Lectures: Stat 202 Fall 2016
From Sean_Carver
August 29, 2016
- Today, we had an introductory discussion and greetings, then discussed our syllabus.
- Reading: Please read about the optional extra credit opportunities in our syllabus.
- Reading: Please read the first few chapters of The Data Professor's Guide to Basic Statistics, which is linked here and also passed out during class.
- Next class: we will discuss the projects and cover the first 5 chapters of The Data Professor's Guide to Basic Statistics, but we will probably not cover all 5 chapters on Wednesday.
August 31, 2016
- Today, we started class by discussing projects, then we continued with the following chapters from The Data Professor's Guide to Basic Statistics: Defining familiar terms, Let's collect some data!, Concepts of Structured Data. I gave a brief introduction to the next chapter Kinds of variables, but did not cover it yet.
- Reading: Please read Kinds of variables in The Data Professor's Guide to Basic Statistics.
- Next class: We will cover the next 3 chapters in The Data Professor's Guide to Basic Statistics, including two additional chapters which I will hand out in class. These chapters will also include homework.
September 1, 2016
- Today, we covered Kinds of variables and Distributions in The Data Professor's Guide to Basic Statistics. We covered bar graphs, pie charts and stemplots for visualizing distributions. We touched on histograms (also for visualizing distributions) but have not covered them in detail.
- Homework: I passed out and we worked on Homework 1, due September 8, 2016.
- Homework: I passed out and we worked on Homework 2, due September 8, 2016.
- Homework: I passed out but did not yet assign Homework 3. Due date to be added later.
- Reading: Moore, McCabe, Craig, pp 1-15.

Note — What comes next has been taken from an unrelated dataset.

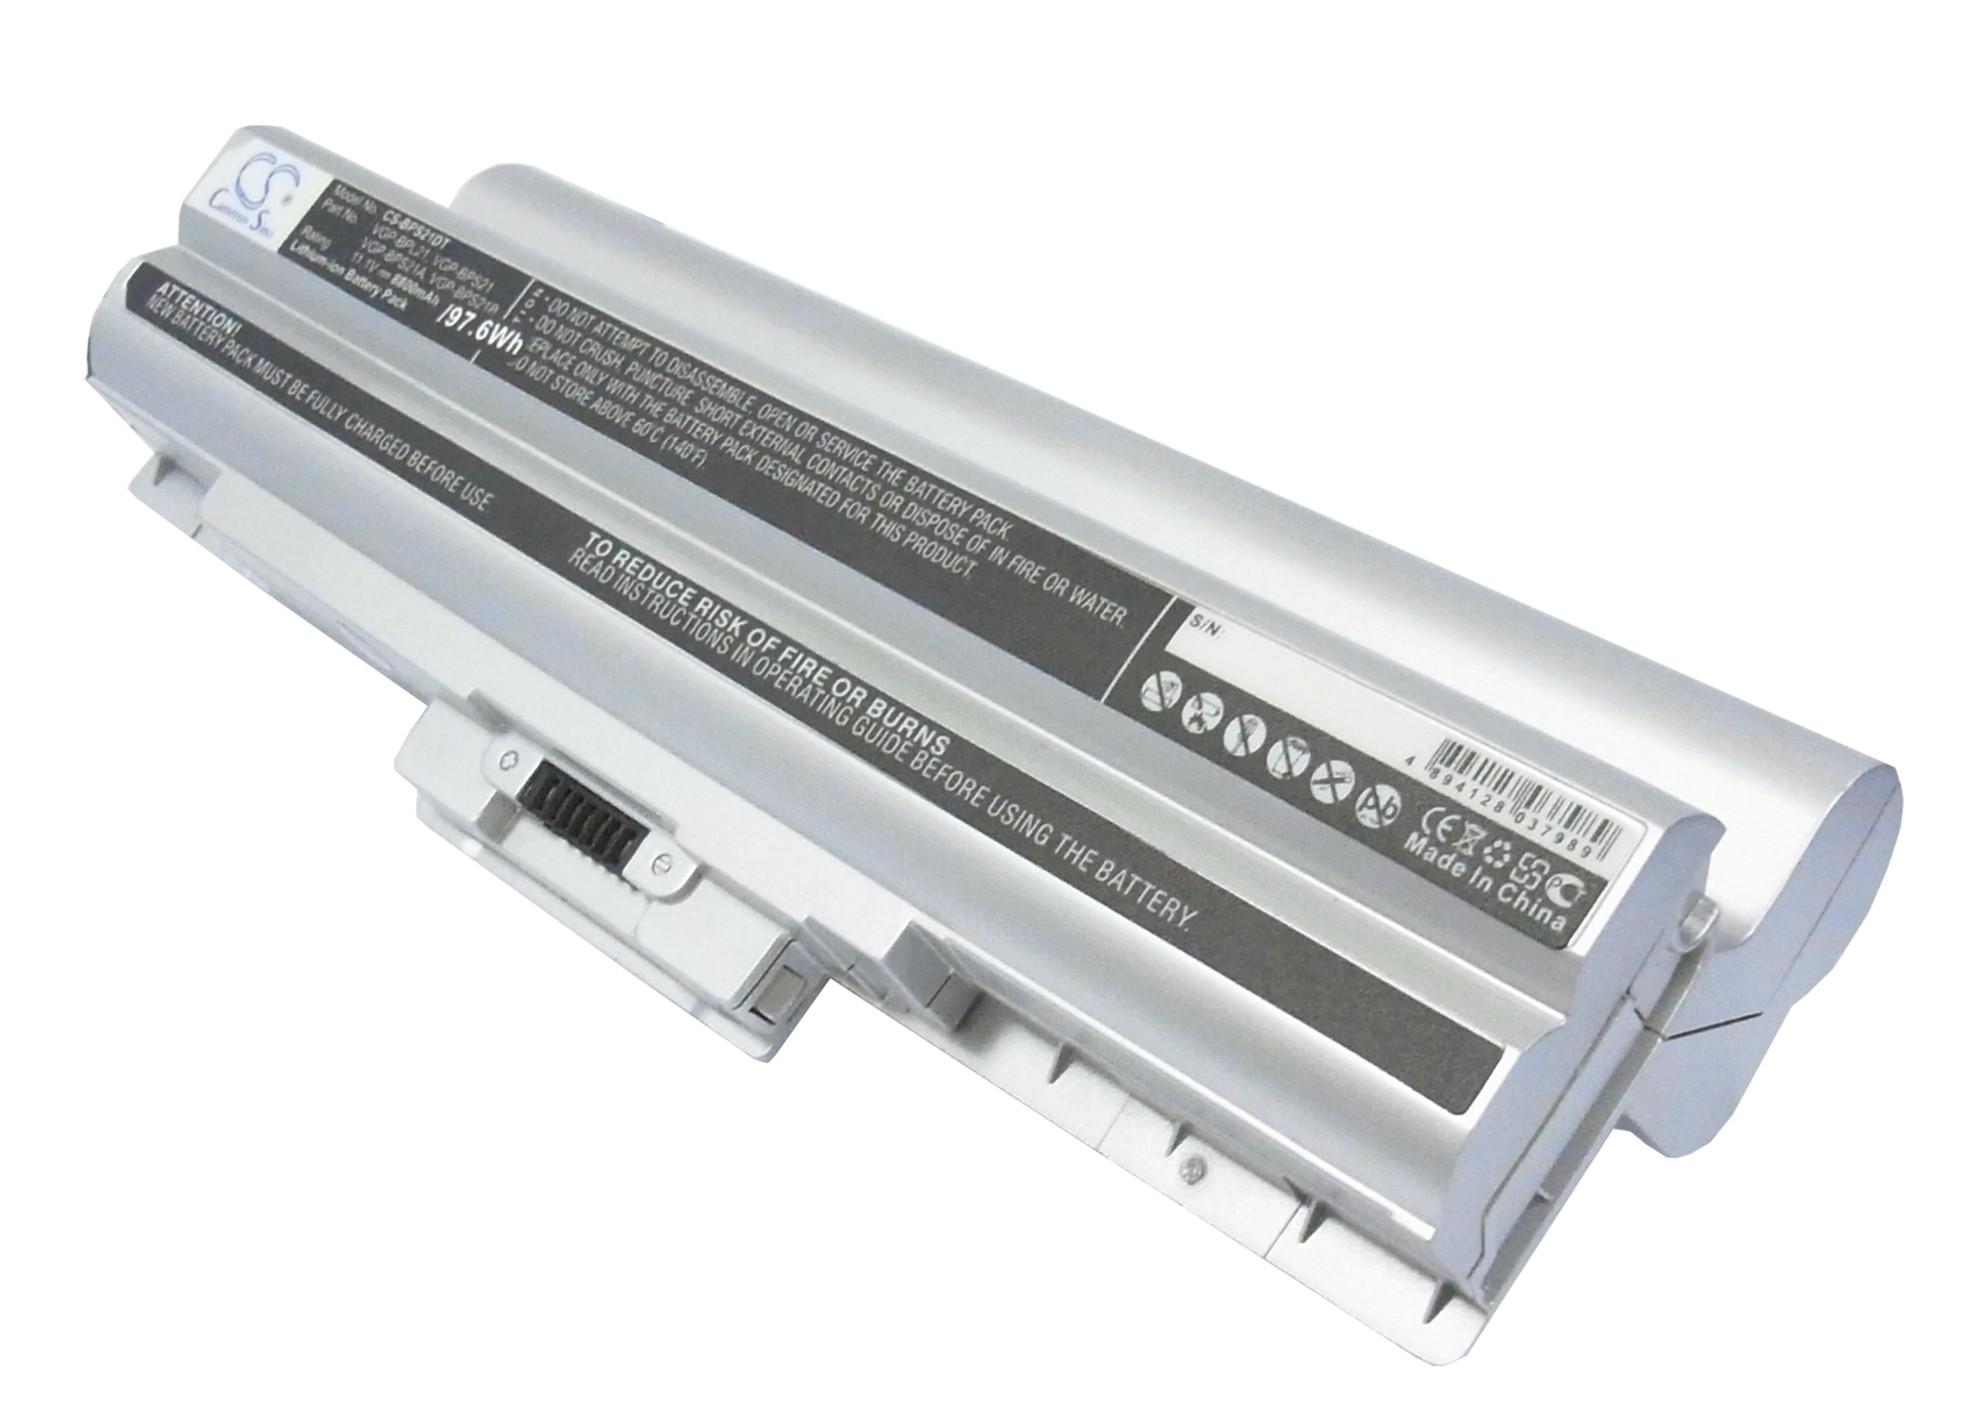 Cameron Sino baterie do notebooků pro SONY VAIO VPCF11Z1E 11.1V Li-ion 8800mAh stříbrná - neoriginální

- Next class: We will review the concept of a distribution and its relationship to the kinds of graphs we are creating. We will talk in detail about histograms while considering the call center data set. We will cover Exploratory data analysis from The Data Professor's Guide to Basic Statistics. Homework 3 will be assigned, but instead of working on histogram homework in class we will do a laboratory exercise on a diamonds data set. Finally, if there is time, we will proceed to talk about summary statistics (mean, median, quartiles, percentiles, 5 number summary, standard deviation) and the box plot and modified box plot.
September 7, 2016
- Today we reviewed the concept of distribution. We went over histograms, working together to analyze the call center data set. We talked about the axes of the histogram: the x-axis is the range of the values of the quantitative variable whose distribution is being visualized. This range can be restricted by adjusting the "where" input in StatCrunch. There are 3 choices for the y-axis in StatCrunch: frequency (the count of observations in each bin), the relative frequency (the proportion of observations in each bin) and the density. The point of the density was to have a vertical scale which is independent of the number of observations and bin width. Finally, we worked together to analyze the diamonds data set.
- Homework: Homework 1 is due next class, September 8, 2016.
- Homework: Homework 2 is due next class, September 8, 2016.
- Homework: Homework 3 is now assigned with a due date of September 14, 2016.
- Practice Problems: Practice Problems for Week 1.
- Reading: Moore, McCabe & Craig, pp. 30-36.
- Next class: We will discuss skewed and symmetric distributions, tails, center and spread, unimodal, multimodal, and bimodal distributions. We also will discus mean and median, quantiles, and percentiles, resistant to outliers versus sensitive to outliers. We will continue our tour of summary statistics with the 5-number summary and the related box plot and modified box plots, we will pass out homework 4 and 5, talk about the sample standard deviation, and transformations. Then, if there is time we will proceed to talk about sampling -- to understand Bessel's correction in the definition of sampling standard deviation, but also because it is one of the primary course objectives.